- **What is expected**: What you return should be only the lines in the entries below between the one holding "CSXT 288 is" and the one holding "Members building gardens on church grounds", ends included, with every picture left out.

- **Data to examine**:

((

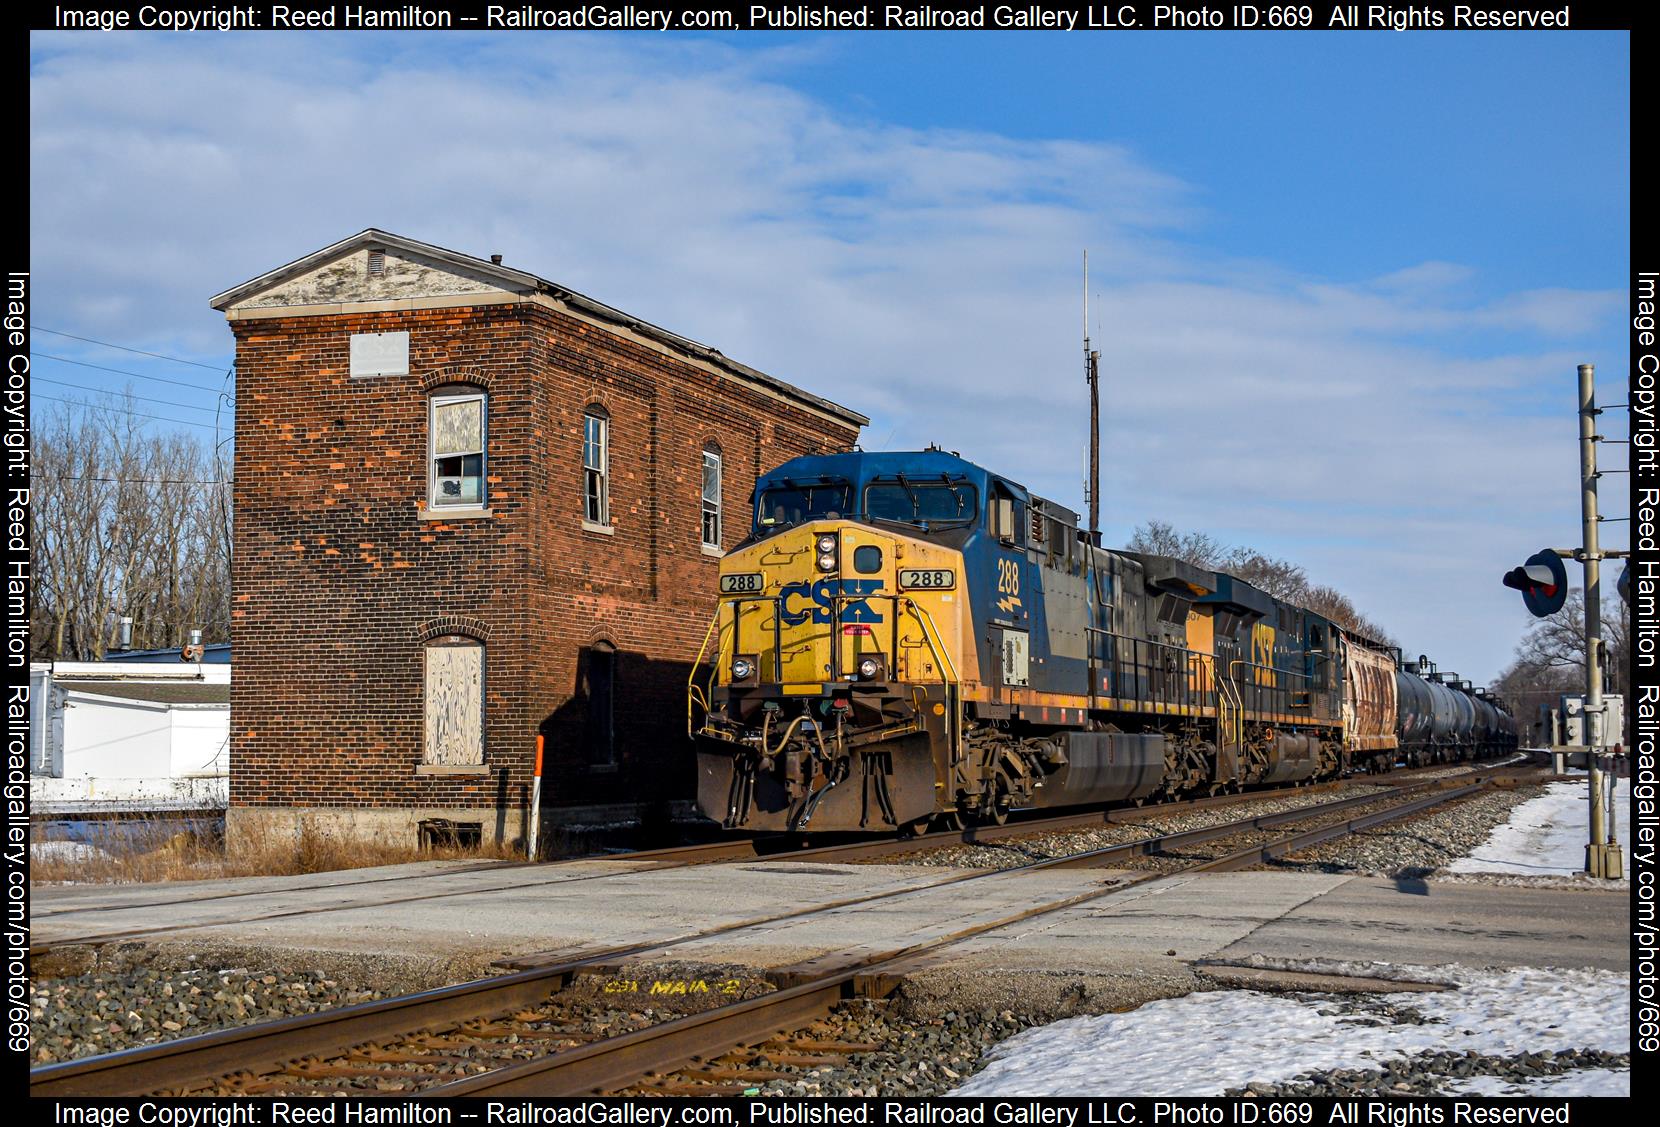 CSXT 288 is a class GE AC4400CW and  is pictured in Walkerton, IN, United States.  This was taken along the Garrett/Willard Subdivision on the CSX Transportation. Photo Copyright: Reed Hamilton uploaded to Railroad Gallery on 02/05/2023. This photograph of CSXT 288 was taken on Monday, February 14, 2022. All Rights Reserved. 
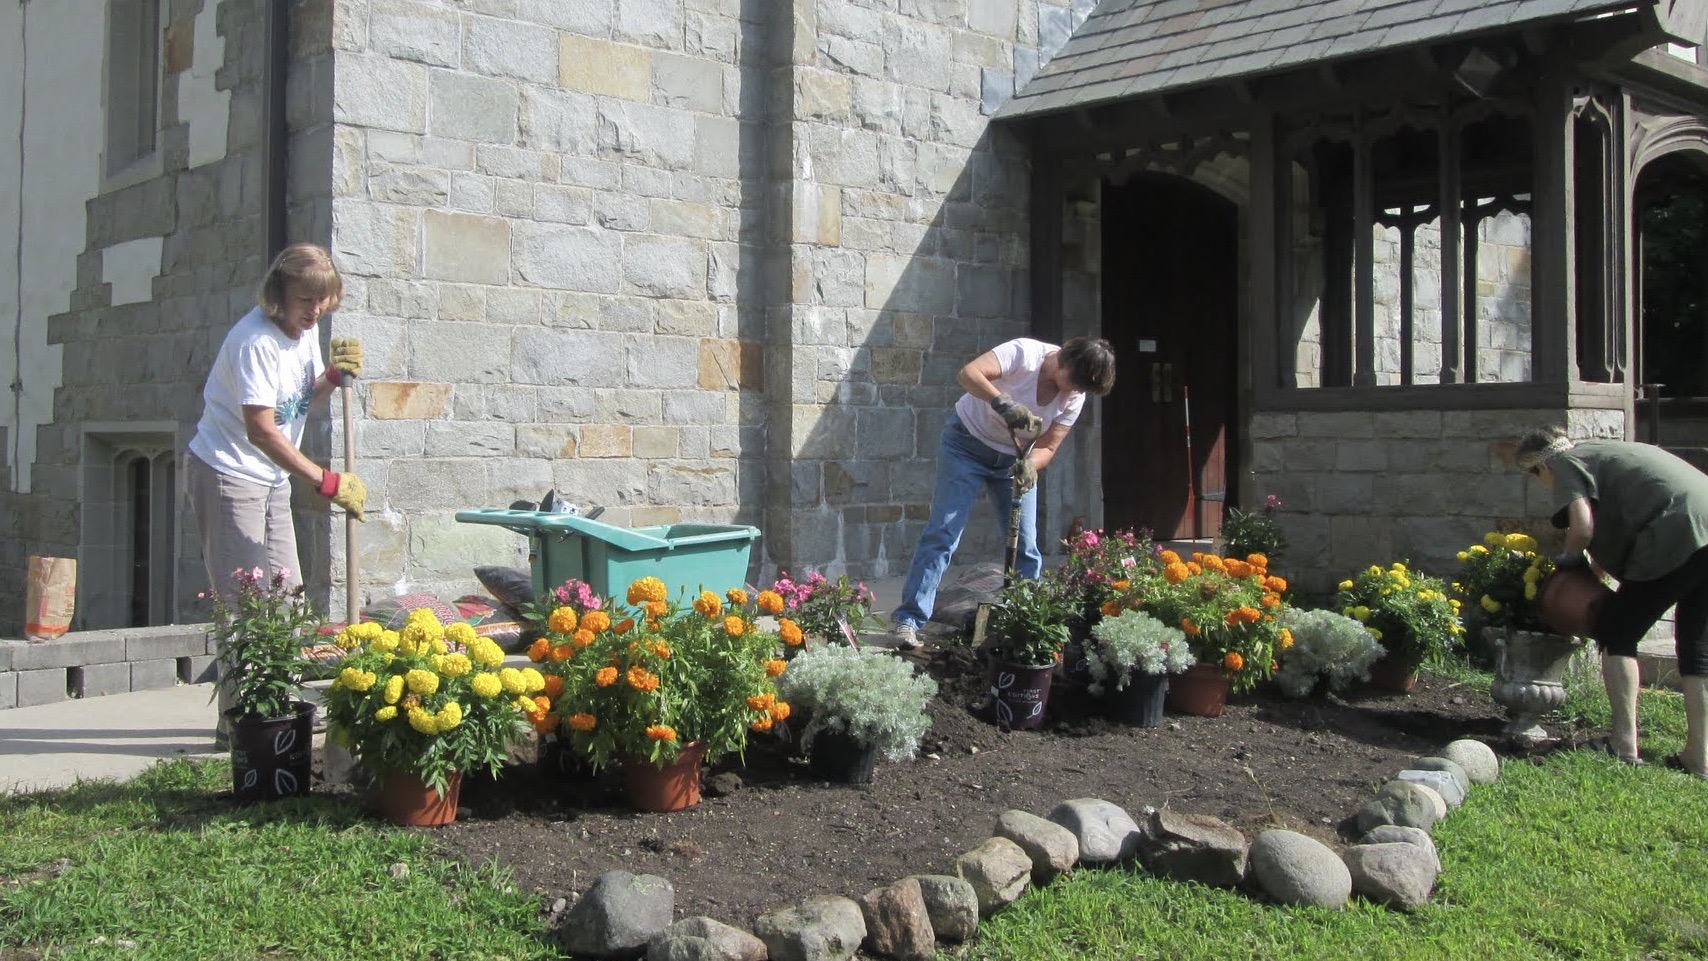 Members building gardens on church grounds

))
((

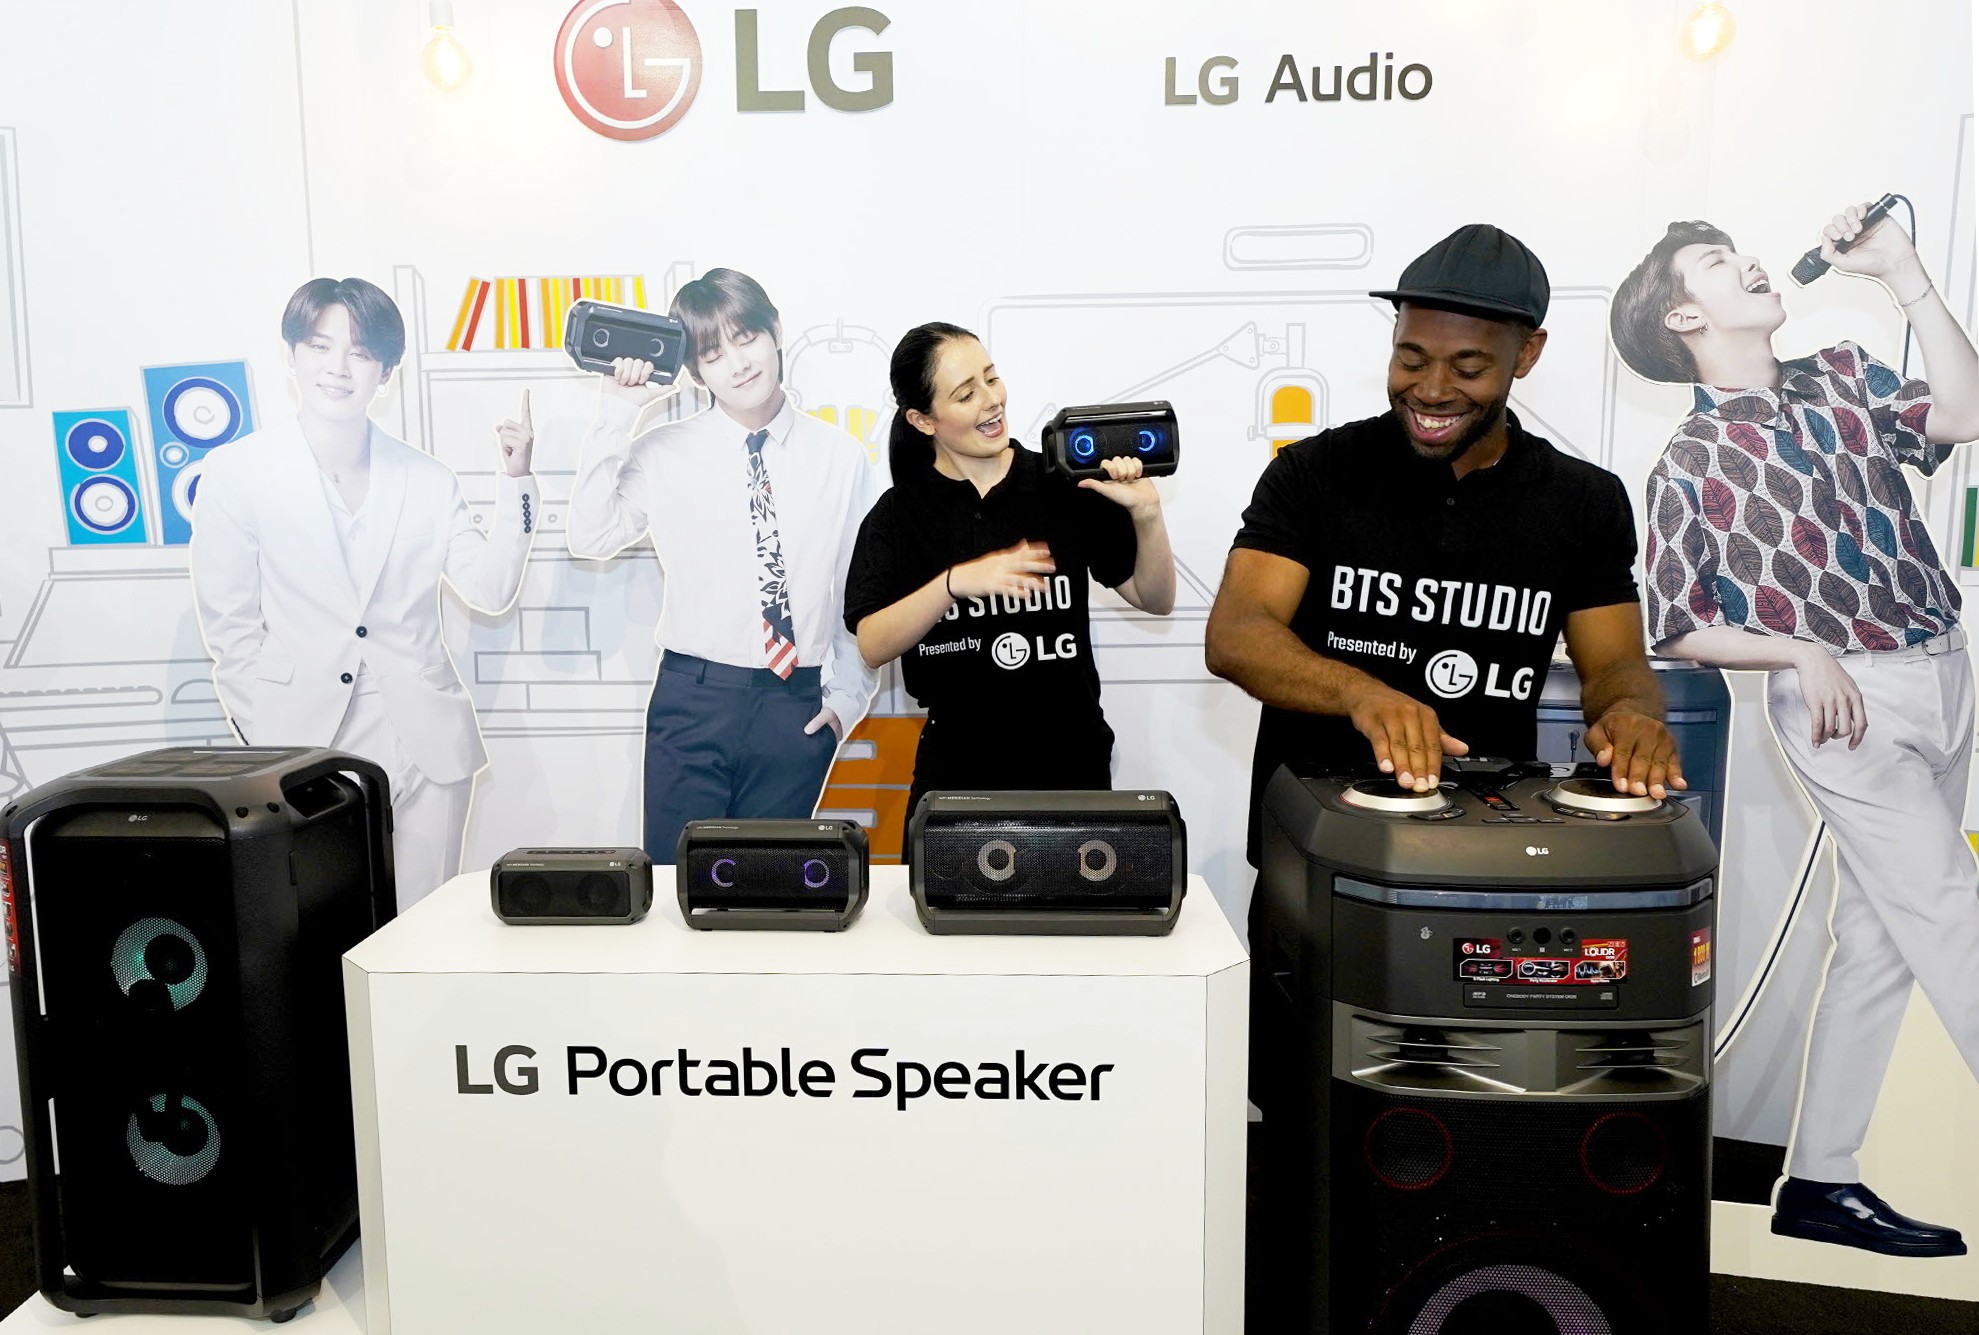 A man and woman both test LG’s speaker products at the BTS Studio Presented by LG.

))

- **Expected output**:
 CSXT 288 is a class GE AC4400CW and  is pictured in Walkerton, IN, United States.  This was taken along the Garrett/Willard Subdivision on the CSX Transportation. Photo Copyright: Reed Hamilton uploaded to Railroad Gallery on 02/05/2023. This photograph of CSXT 288 was taken on Monday, February 14, 2022. All Rights Reserved. 
 Members building gardens on church grounds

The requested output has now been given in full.